William J. Driscoll for respondent.
Per Curiam.
In this habeas corpus proceeding, pursuant to article 77 of the Civil Practice Act, the contest was between the father and the mother for the custody of the child. The parties had previously been divorced and the mother had remarried. The order of the Special Term awarded the custody not to either parent but to a third person, an aunt of the child. There is no finding that the mother was an improper and unfit person or that she had abandoned her right to the care and custody of her child. On the other hand, there is no specific finding to that effect in respect to the father. The court did find that in the home of the father the occupants were all male and by reason thereof, the little girl would not receive proper care therein. It appears that after the conclusion of the hearing, the court interviewed the child, the maternal grandmother and the aunt to whom custody was awarded, apparently without the knowledge and consent of the parties to the proceeding. It is evident that the court's decision was based more upon these interviews than upon the evidence taken in court. The discretion of the court in these matters is a judicial discretion 'and its exercise must have sound and substantial basis in the testimony.' (Bunim v. Bunim, 298 N.Y. 391, 393.)
This proceeding involved no one other than the parents of the child. The custody of the child has been taken from both parents without legal basis. 'The mother or father has a right to the care and custody of a child, superior to that of all others, unless he or she has abandoned that right or is proved unfit to assume the duties and privileges of parenthood.' (People ex rel. Kropp v. Shepsky, 305 N.Y. 465, 468.) As between fit and proper parents who have not abandoned the right to custody, 'the courts must make the best available choice.' (People ex rel. Portnoy v.
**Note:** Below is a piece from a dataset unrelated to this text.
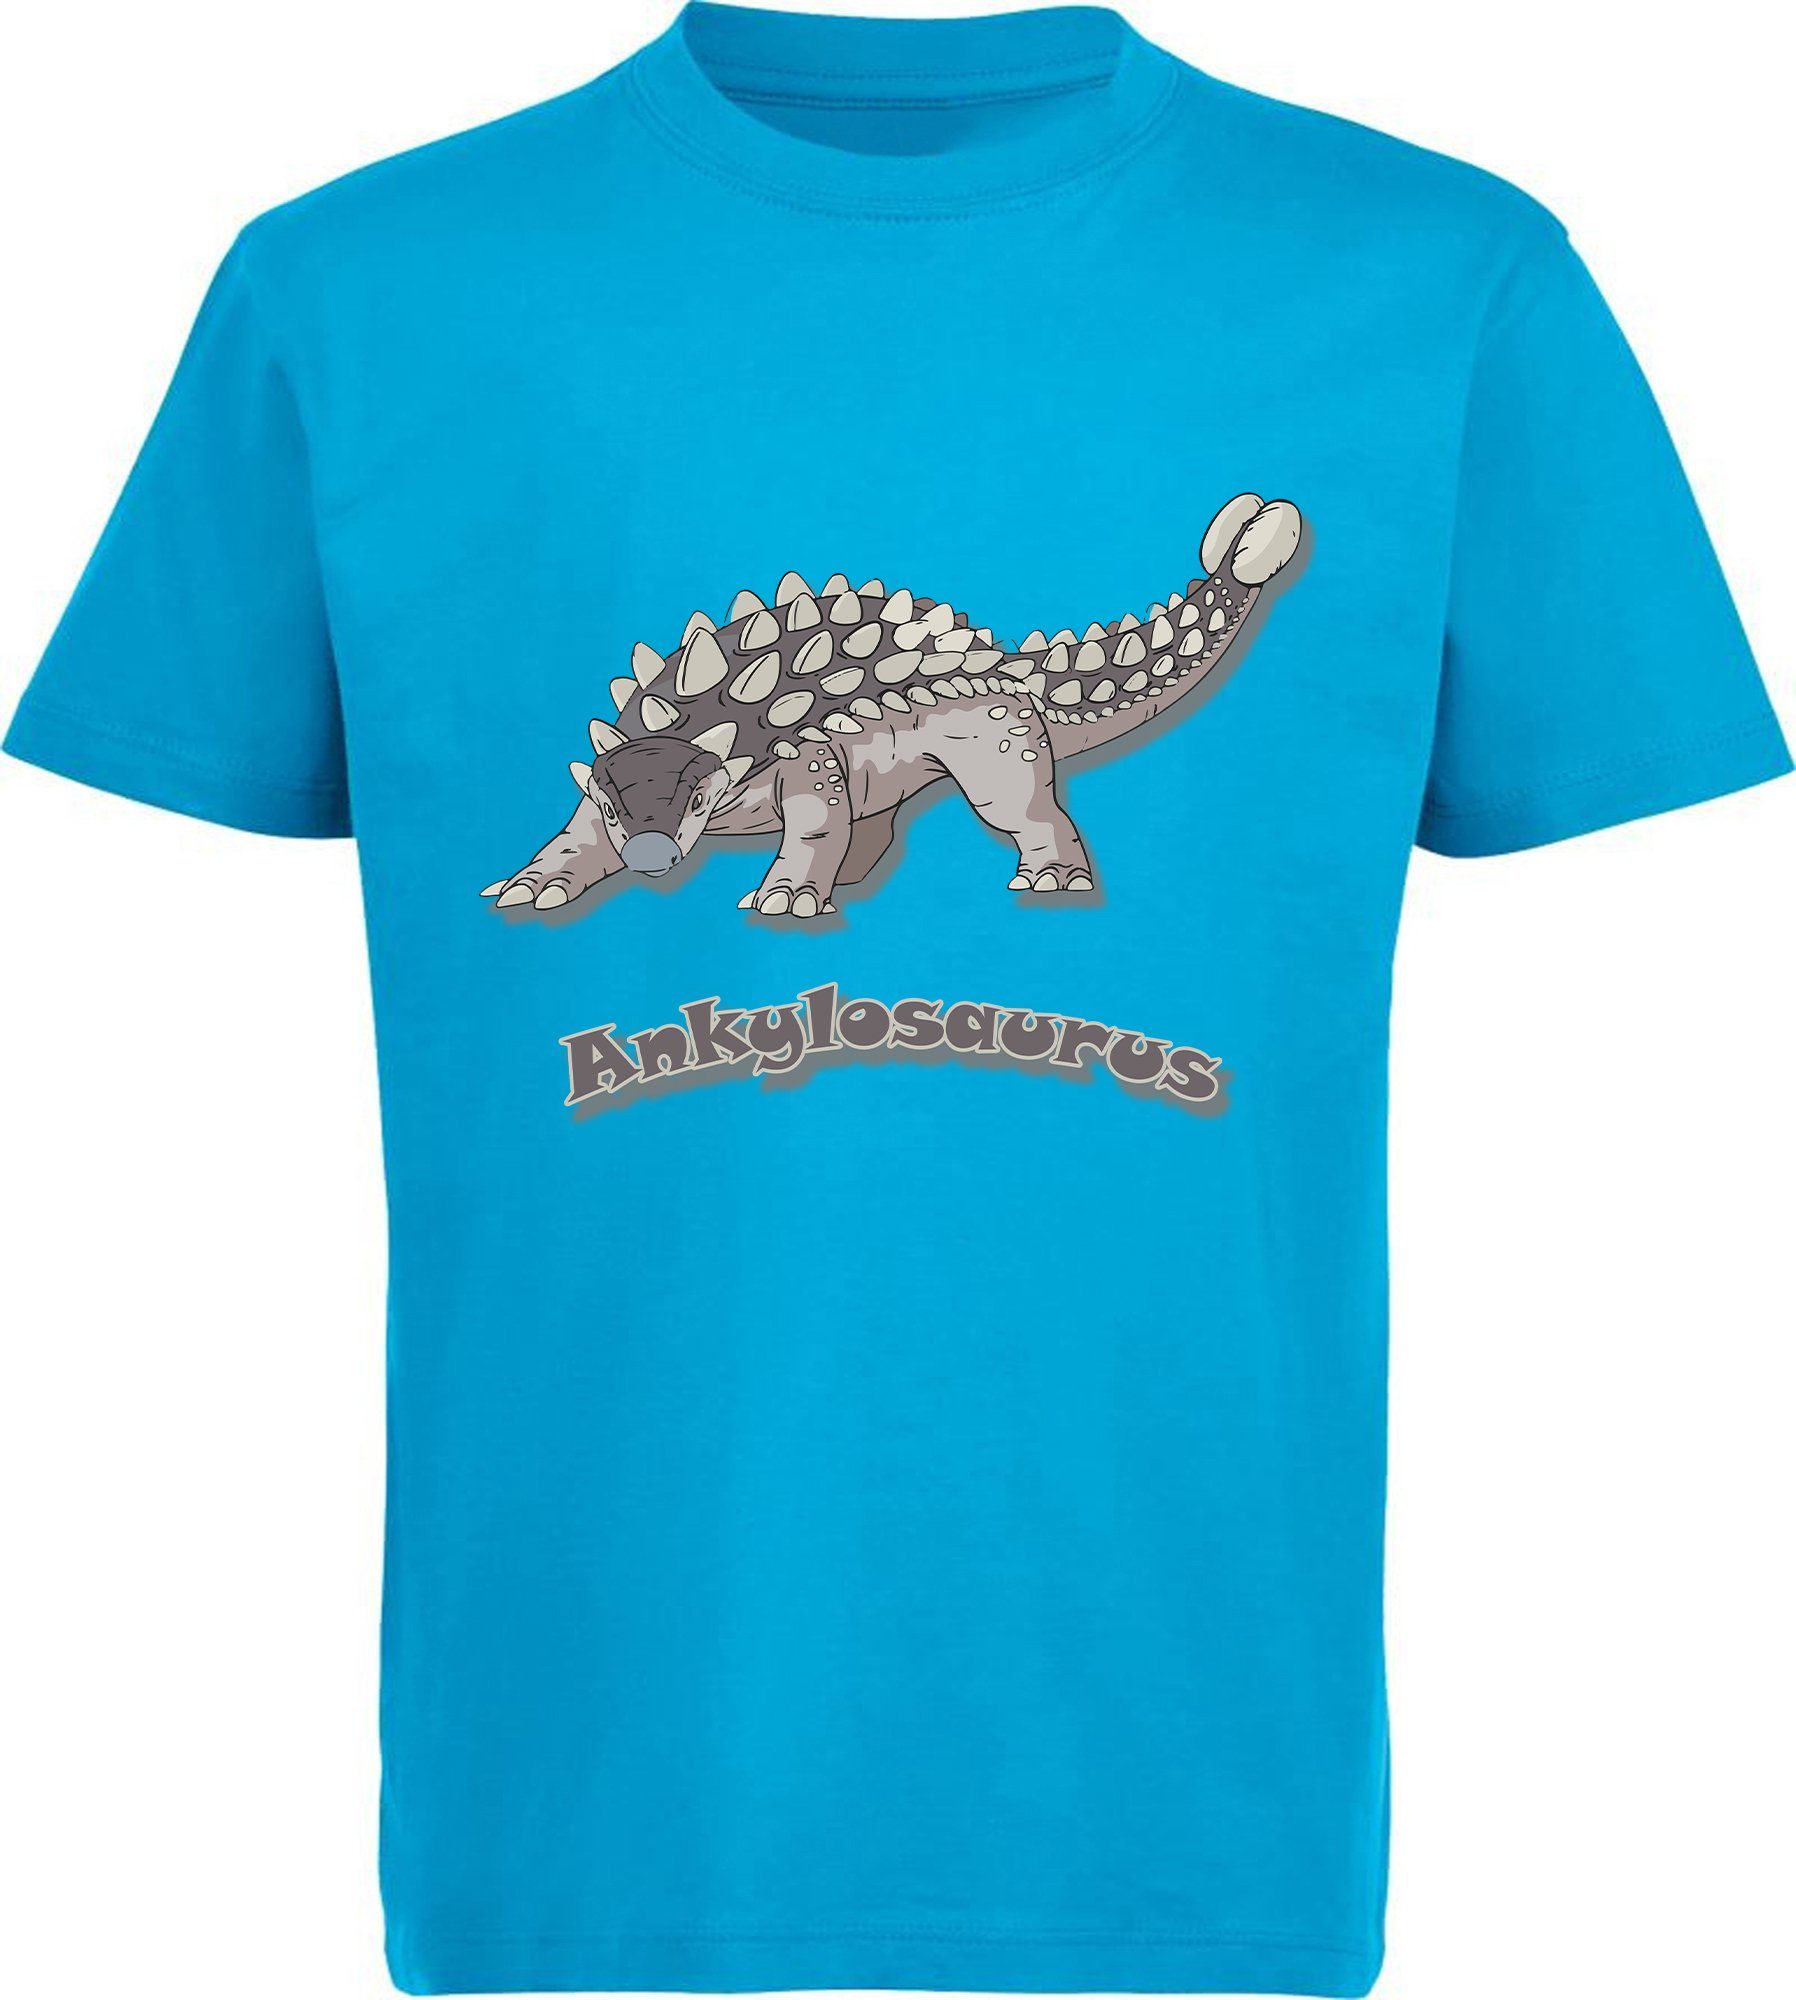 MyDesign24 Print-Shirt aqua blau, Dino bedrucktes rot, blau 100% i63 weiß, schwarz, mit Ankylosaurus T-Shirt Aufdruck, mit Baumwolle Kinder

Strasser, 303 N.Y. 539, 542.) There is no evidence here to sustain the order granting custody to a third person. While this court may either make the determination or remit the case for further consideration (Harrington v. Harrington, 290 N.Y. 126, 131), we think the latter course advisable. An opportunity will then be afforded the parties to present and the court to consider all relevant facts which may be helpful and if the court finds that both parents are fit and proper persons, it may make a choice between them in the best interests of the child. Following the practice employed in Bunim v. Bunim (298 N.Y. 391, supra), the order should be reversed and the matter remitted to Special Term for further proceedings not inconsistent with this opinion.
All concur, except PIPER, J., who concurs as to reversal but votes to grant the writ.
Present--MCCURN, P. J., VAUGHAN, KIMBALL, PIPER and WHEELER, JJ.
Order reversed on the law and matter remitted to the Special Term for further proceedings not inconsistent with the opinion, without costs of this appeal to either party.